There are a few tools I need to take this note down. The default built-in df and du utility are great tools. Man page is always helpful in detail.

iostat

This comes with the package sysstat in RPM based Linux distributions (CentOS/Fedora/etc), available at their main repositories. Not so sure for the deb people. I always use the command

iostat -dmx /dev/sda 3

to check sda’s usage every 3 seconds.

iotop

iotop is a simple I/O monitor, this package is written by Python 2.x and it requires root privilege to run. It is really simple but it does the job. Check out --help for a bit more functionality.

ftop

ftop shows processes of open files and file systems. This software is now 5 years old and hasn’t been updated, but it does the job, and I like this better than iotop. For CentOS people, this package comes from rpmforge, you’ll have to add the repository first to your box.

Networking monitoring

Networking is another very important thing that needs to be mornitored. netstat does a fairly good job for a fixed point of time’s status, don’t we need a bit more than that?

iftop

iftop can show current port and ip of the host and the destination, provided this you can use netstat to find out what process is behind a typical service. This can also show in bars how heavily a service is using the network.

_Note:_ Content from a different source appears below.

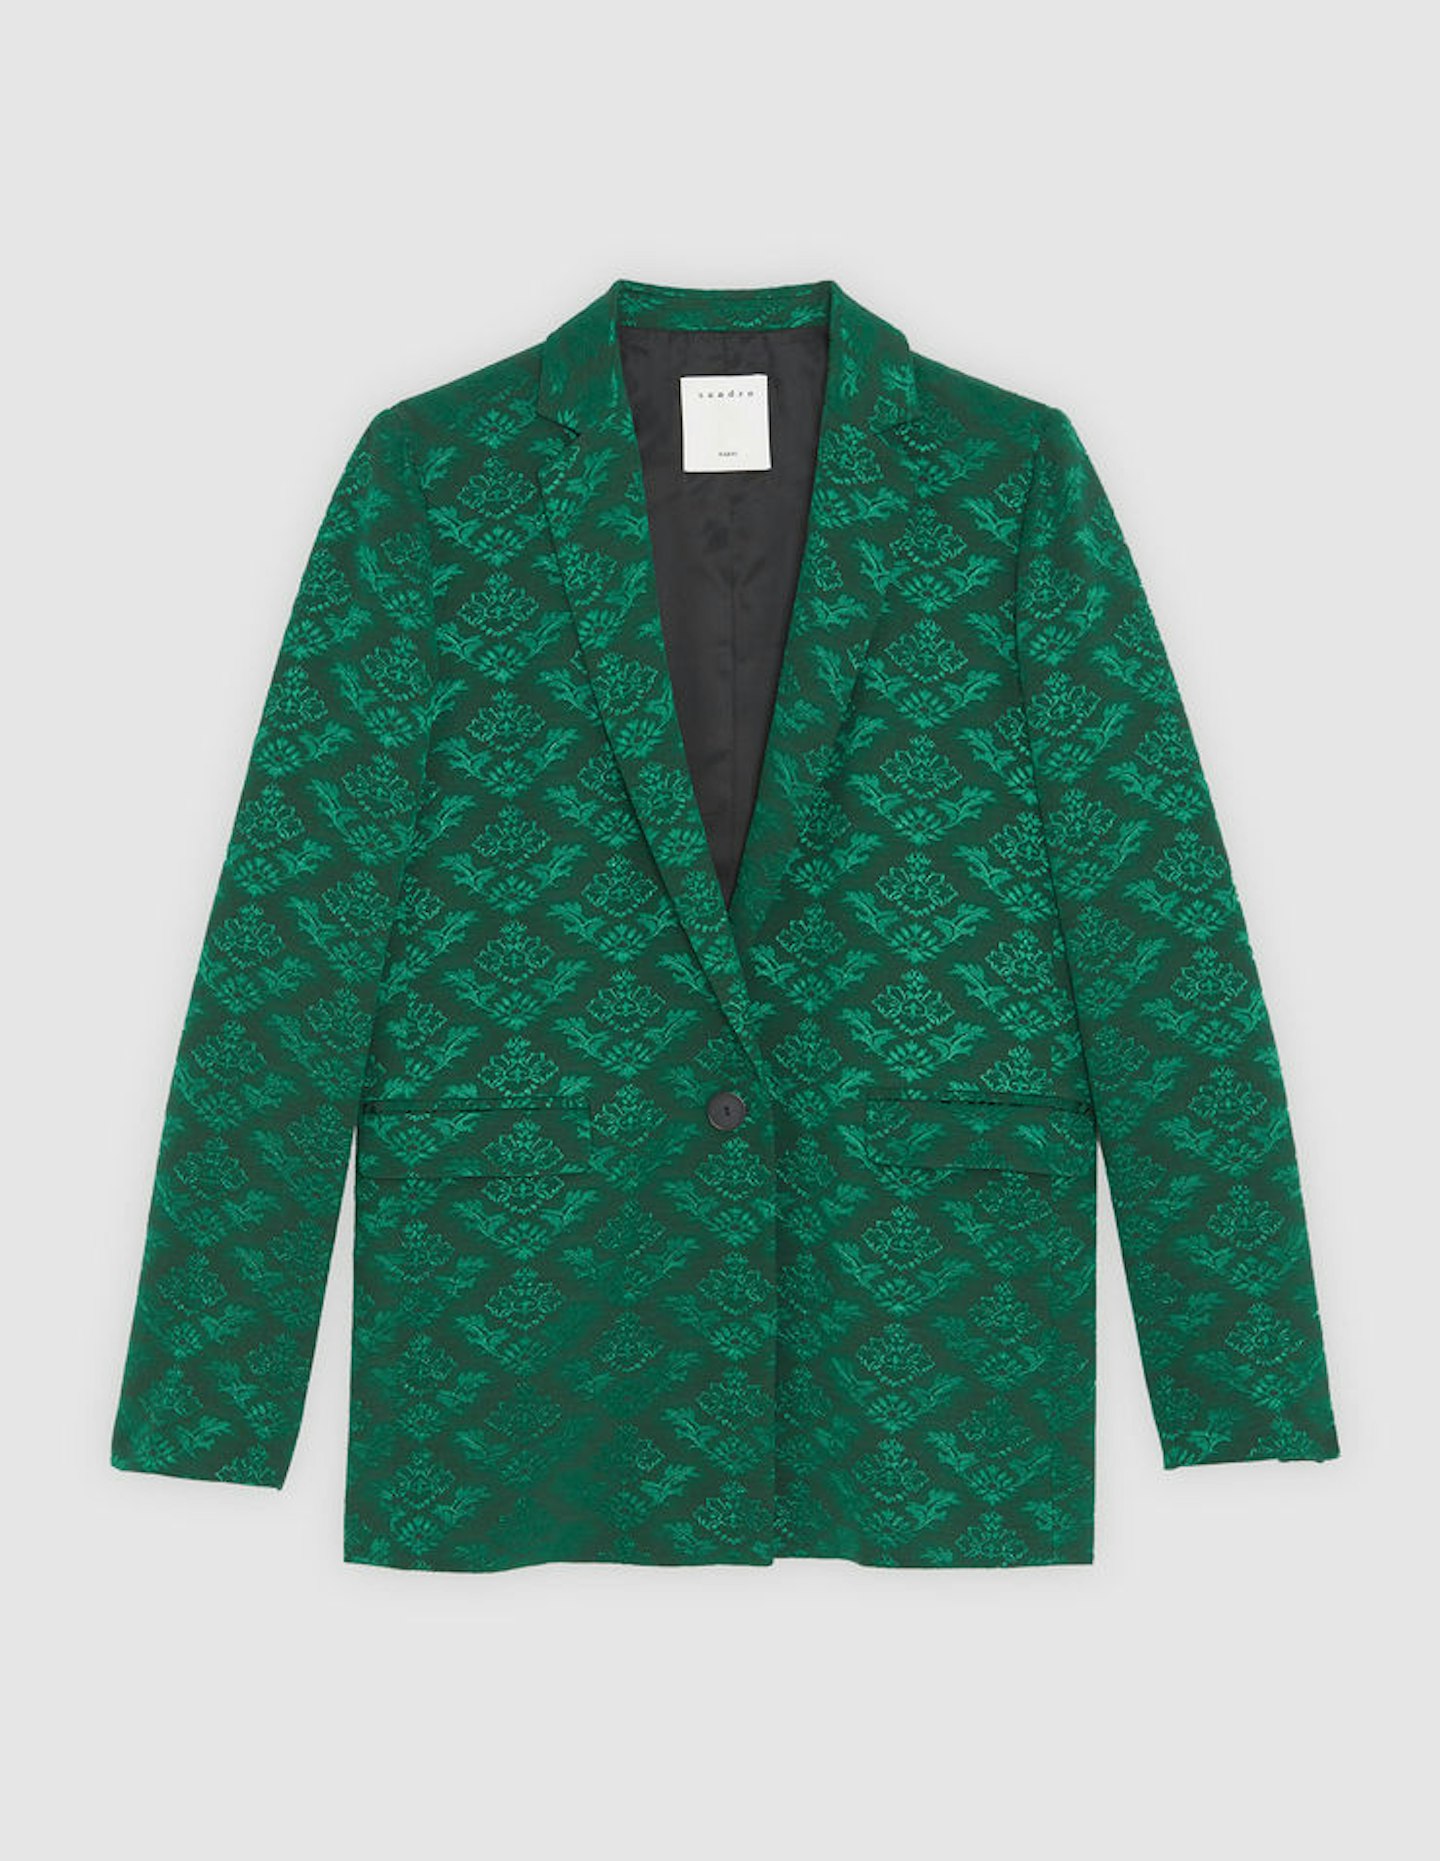 sandro green blazer
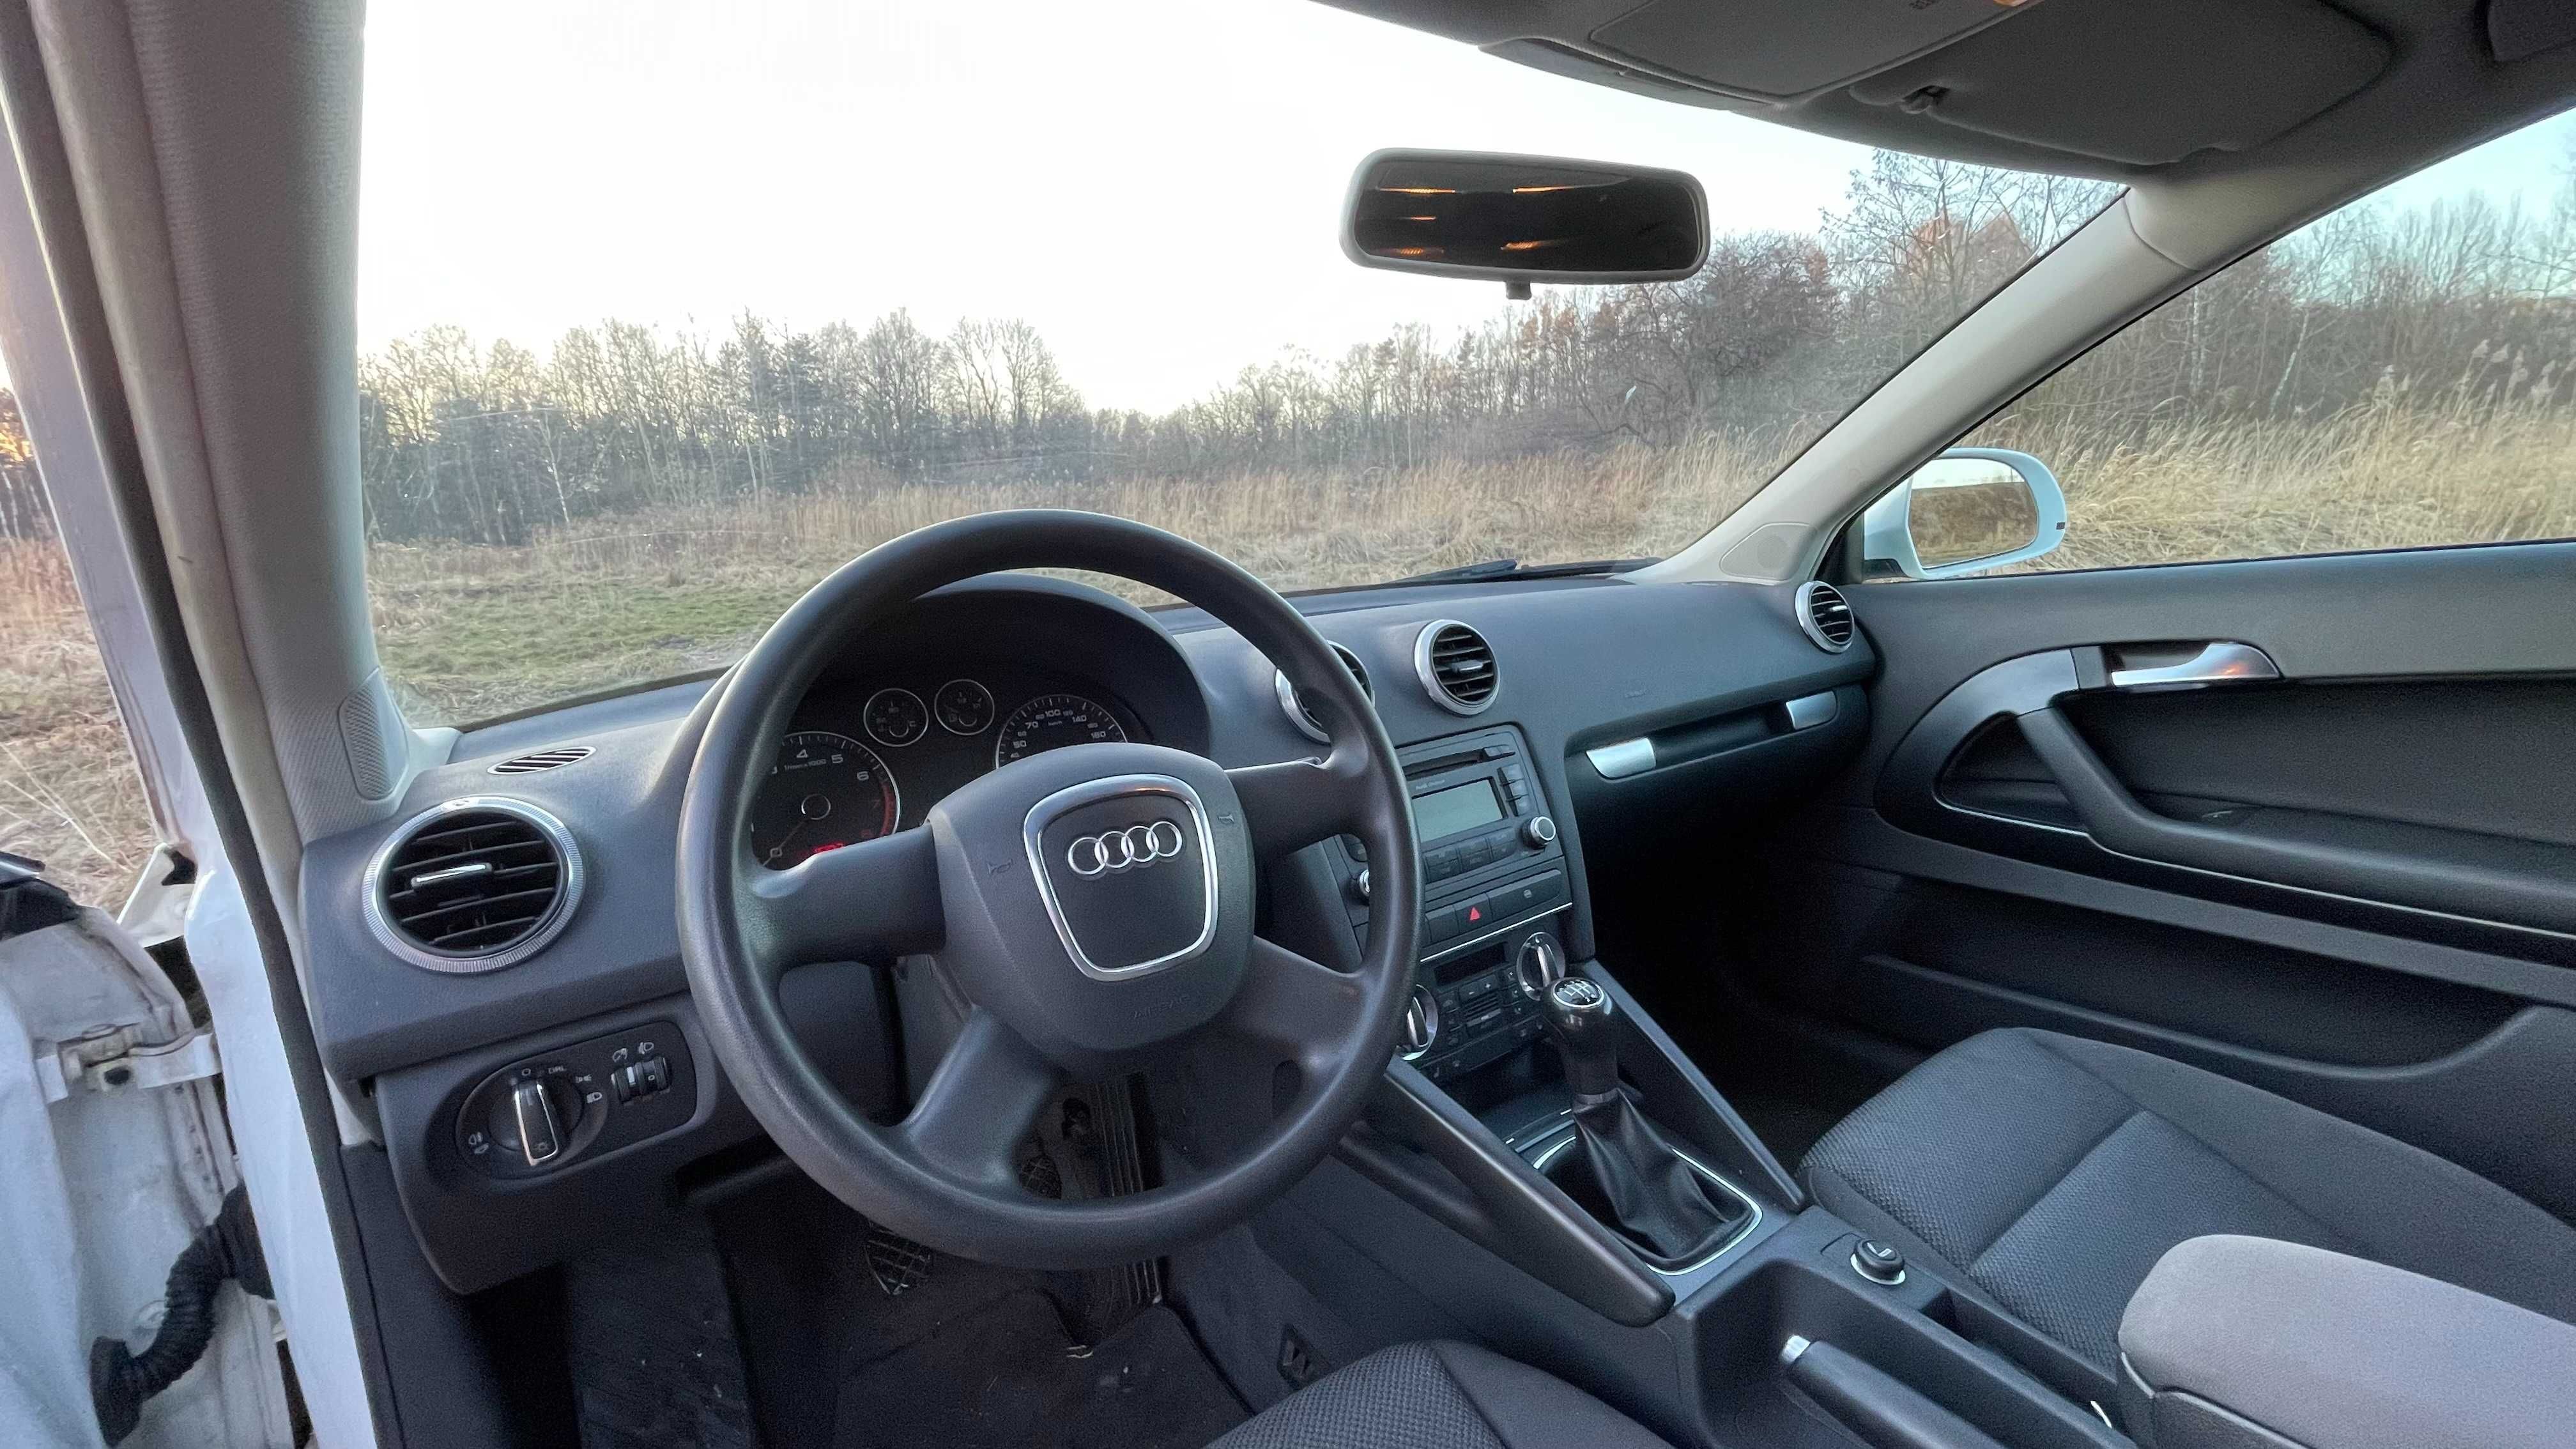 Audi A3 1.6 MPI 102km klima lift attraction

It needs root privilege to run, it also has a .iftoprc file available for configuring defaults.

nload

nload doesn’t need root privilege to run, so the functionality is even simpler. Just monitoring the load on network. Press F2 for its configuration.

nload is available in rpmforge for CentOS.

Overall, these are the basic level system monitoring tools, and there are many more like those. For enterprise environment monitoring, there are much more sophisticated tools available.

In recent releases of GNOME, KDE and maybe others, they provide a GUI based system monitoring tools too. See what fits you the most.